Tania, su esposo y su hijo de ocho años viven en Melilla, y todos los sábados tienen algo edificante que hacer con la “tropa” que han ido formando con siete niños musulmanes de su barrio del Tesorillo. Toca excursión: a la playa, al museo, a pescar, a un campeonato de parkour, a comer hamburguesas halal… Sí, los muchachos –de entre 8 y 10 años– tienen padres, pero estos se pasan el día ocupados y los pequeños solían permanecer en la calle hasta tarde.

Salir a pasear con esta familia, en cambio, les ha llenado las horas de contenido, de incentivos para crecer humanamente. “Para ellos es una ilusión –nos cuenta Tania–, porque el que salga mal en los exámenes no viene; el que se porte mal, no va a la próxima”. El grupo funciona bien, y los chicos ganan nociones de urbanidad, de buena conducta social: “El pasado fin de semana la playa estaba llena de plásticos, y sin que les dijera nada, lo recogieron todo y nos bañamos después”.
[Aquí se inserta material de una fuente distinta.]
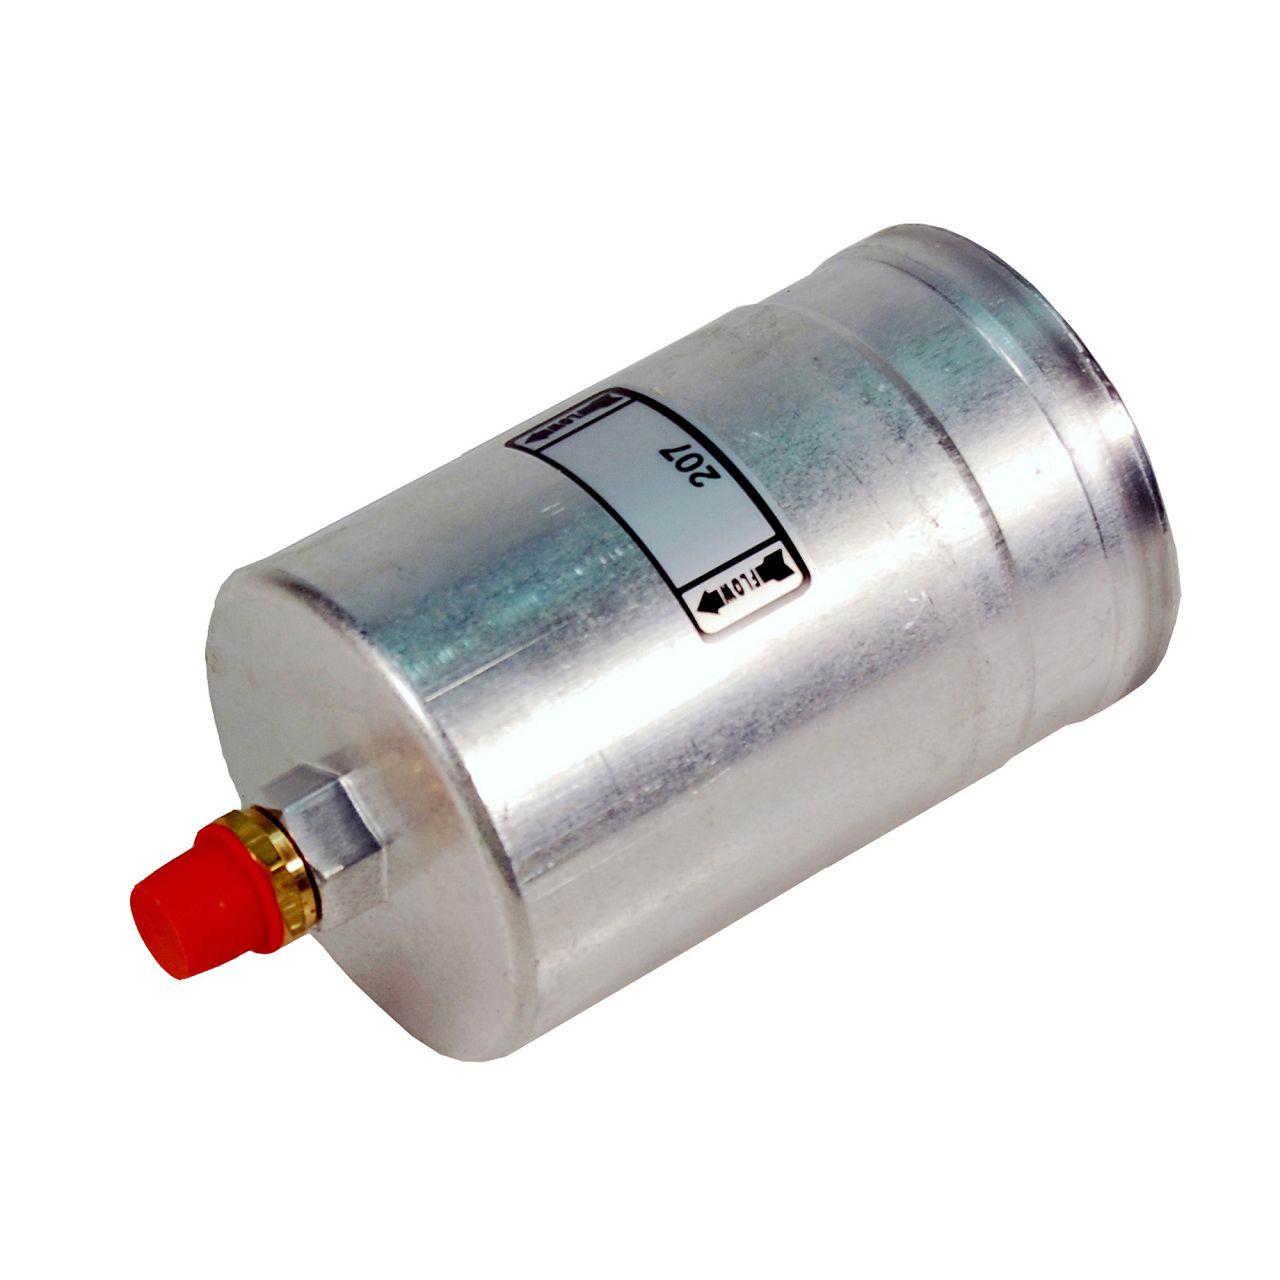 FILTRON Kraftstofffilter Benzinfilter PP835 MERCEDES-BENZ W201 W202 W124 W126

De este voluntariado del afecto también toma buena nota el hijo de Tania, de ocho años: “Para él es fenomenal, pues después del confinamiento quedó muy retraído, muy callado. Ahora comparte con niños de una cultura diferente a la suya. Le he transmitido el placer que resulta de ayudar a los demás, de regalar algo. Se lo he contagiado, y estoy muy satisfecha”.

Del retraimiento, del refugio en el yo, ha pasado a la expansividad. Es el fruto de dar, de darse. En el blog del Institute for Family Studies, la psicóloga estadounidense Erica Komisar subraya el beneficio que suponen las actividades de voluntariado no solo para el que es destinatario del bien, sino para el que lo procura. “Dar [algo] a desconocidos es una experiencia fundamental para el desarrollo de la moralidad, el carácter y la empatía”, asegura.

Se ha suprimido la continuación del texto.